Well, the Petalos recently has become one of our favourite quality quaffers. My wife said "we don't do this with food", so we opened a bottle accompanied just by some Gaeta black olives:

WTN: Descendentes de J. Palacios, Bierzo, Petalos 2015
Purple colour with carmesin reflexes at the rim. Nose of black fruit, cherry, black currant and pepper. Palate reveals a firm structure, still quite tannic; we find cherry, maraschino, almond and tobacco. The oak is somewhere in the background and the finish is short. Nevertheless very nice for a basic bottling.


Thanks for that, win_fried. It sounds as if I should take another look at Petalos in the 2015 vintage, if I see a bottle. That's not very likely in France; I passed one by on my last visit to Brussels because the asking price was >€20.

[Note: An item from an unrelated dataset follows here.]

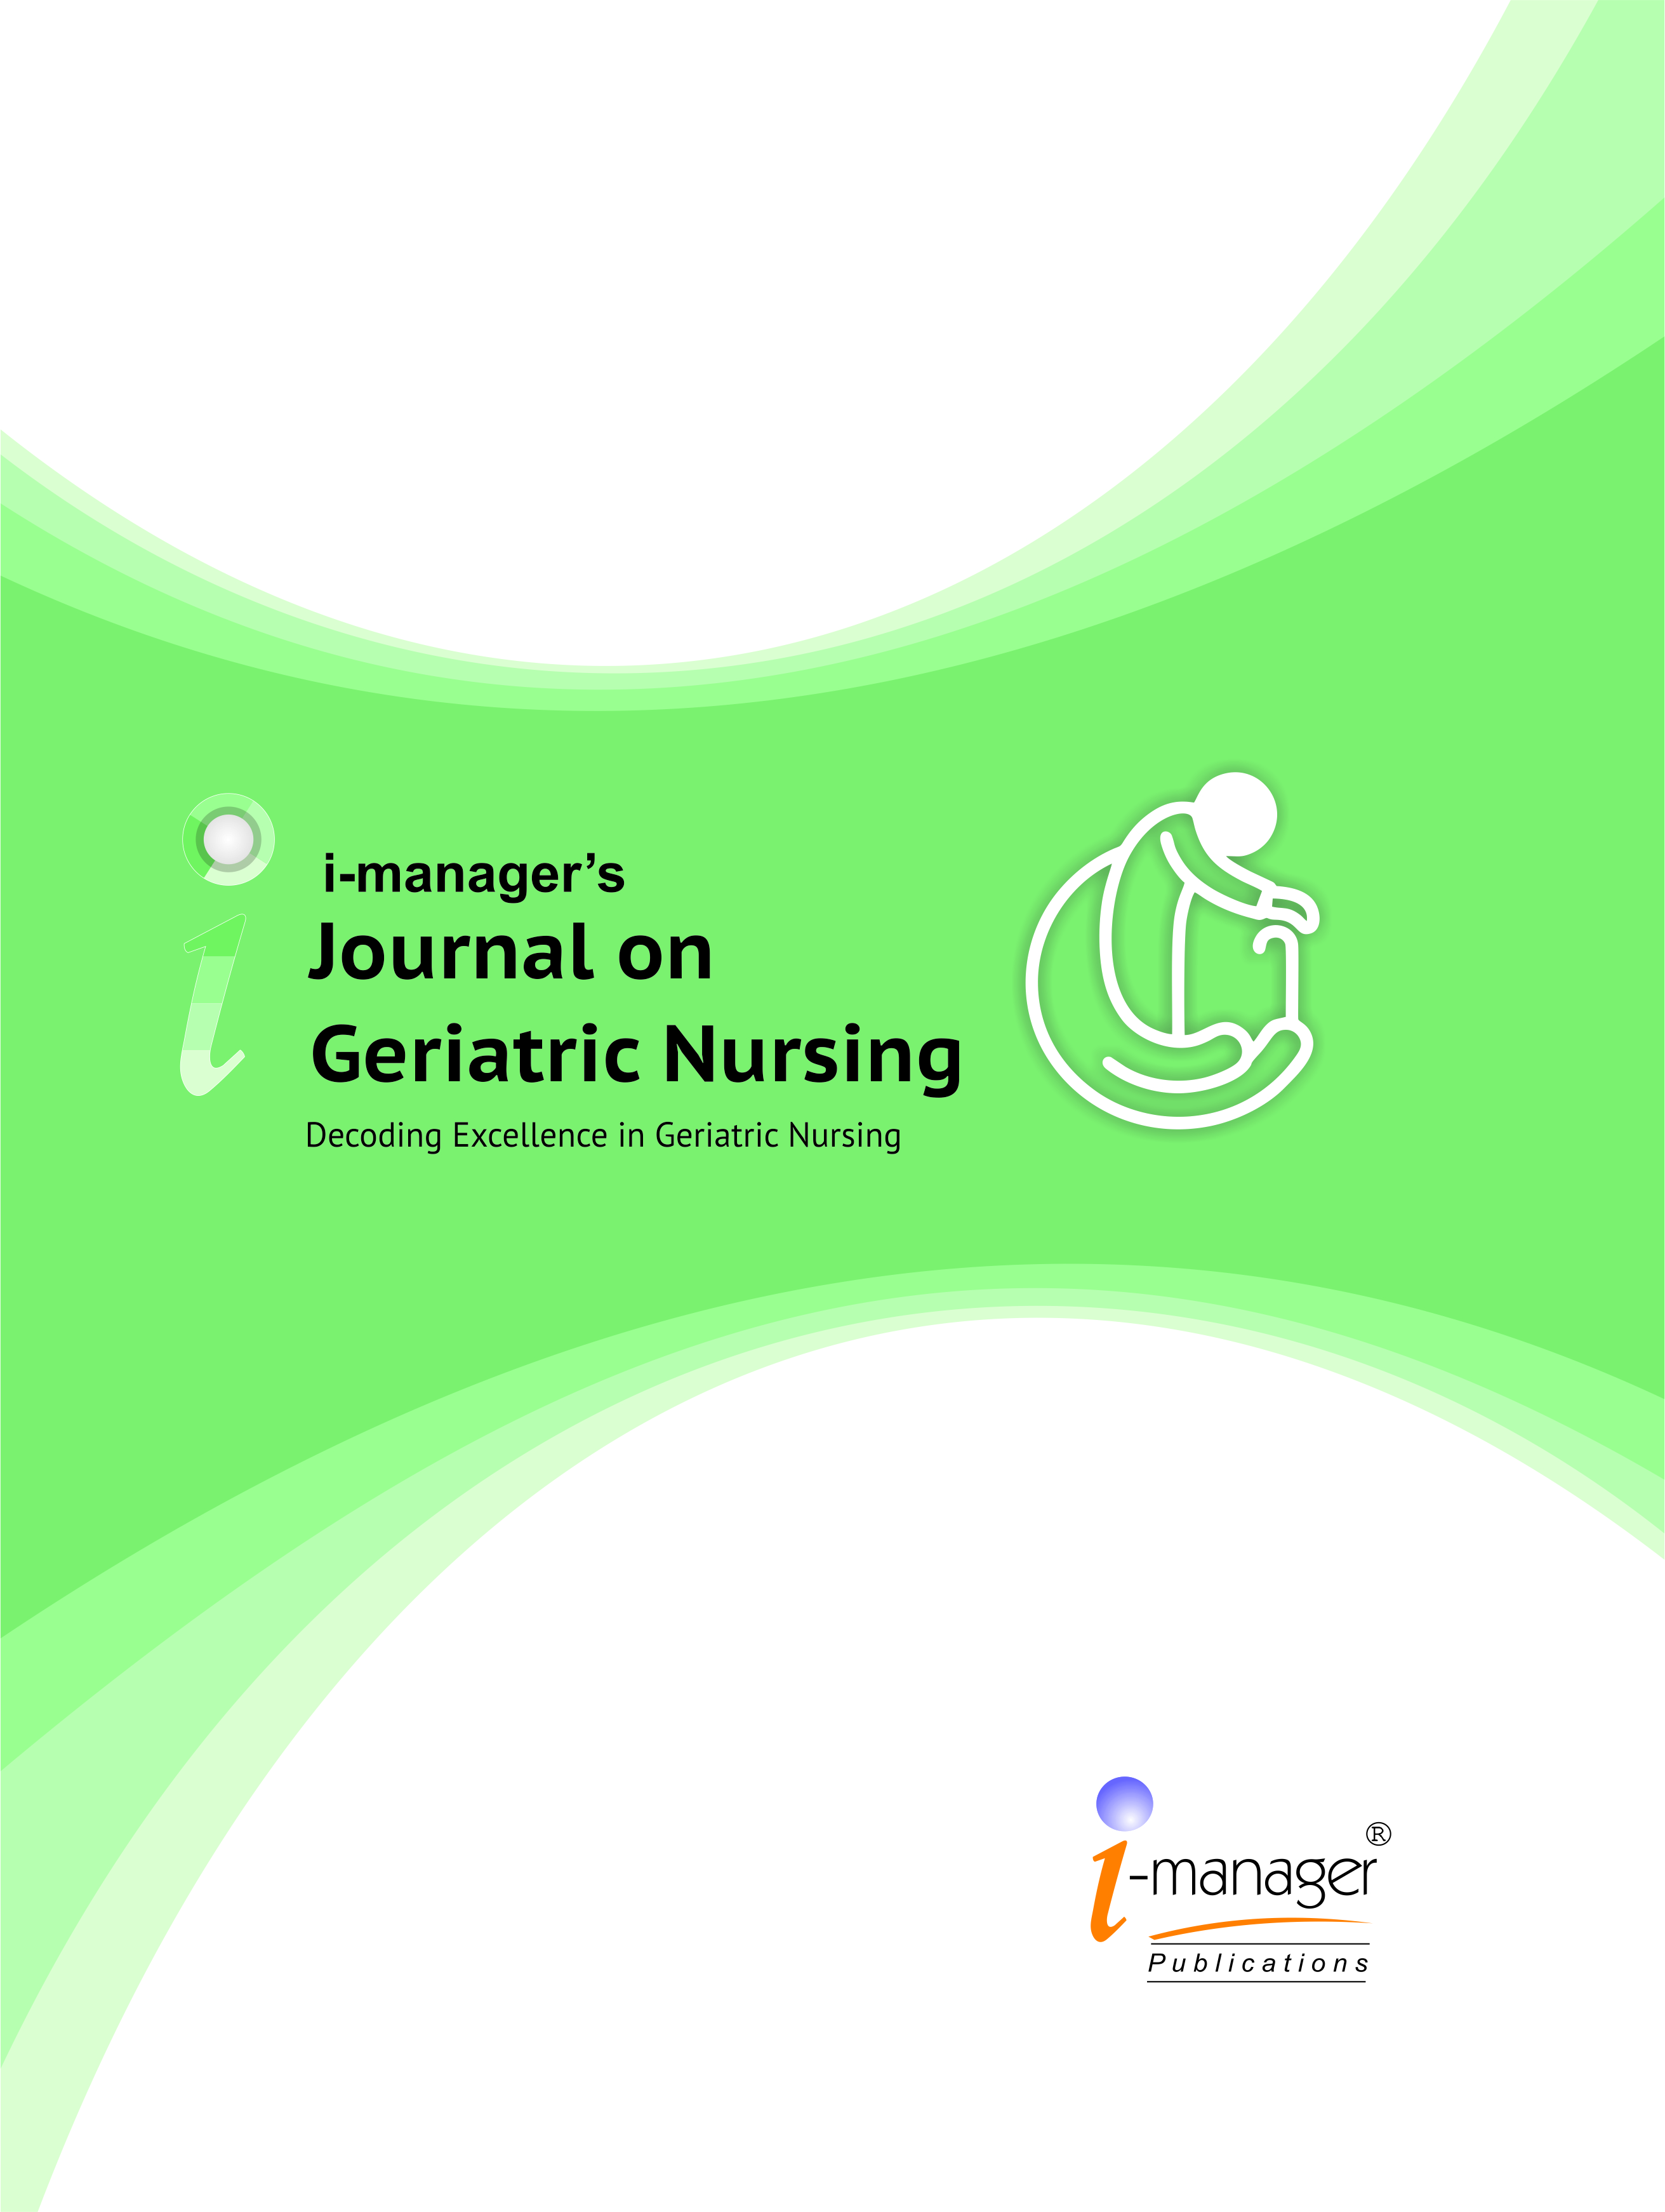 Journal on Genetic Nursing

I opened the Bierzo from Norrel Robertson last night and liked it -

2014 El Escoces Volante Bierzo Mencía The Cup & Rings - Spain, Castilla y León, Bierzo (1/24/2018)
I tend to be put off by fantasy wine names like this one but Norrel Robertson's signature reassured and I bought a couple of bottles. Blind, I would place this from Atlantic France rather than Spain for the brightness and purity of its berry fruit and its fine minerality. Medium bodied at most and moreish with fresh acidity, it showed more roundness and complexity towards the end of the bottle but it did not have that quasi-N.Rhône touch that I have often found in Bierzo. Good.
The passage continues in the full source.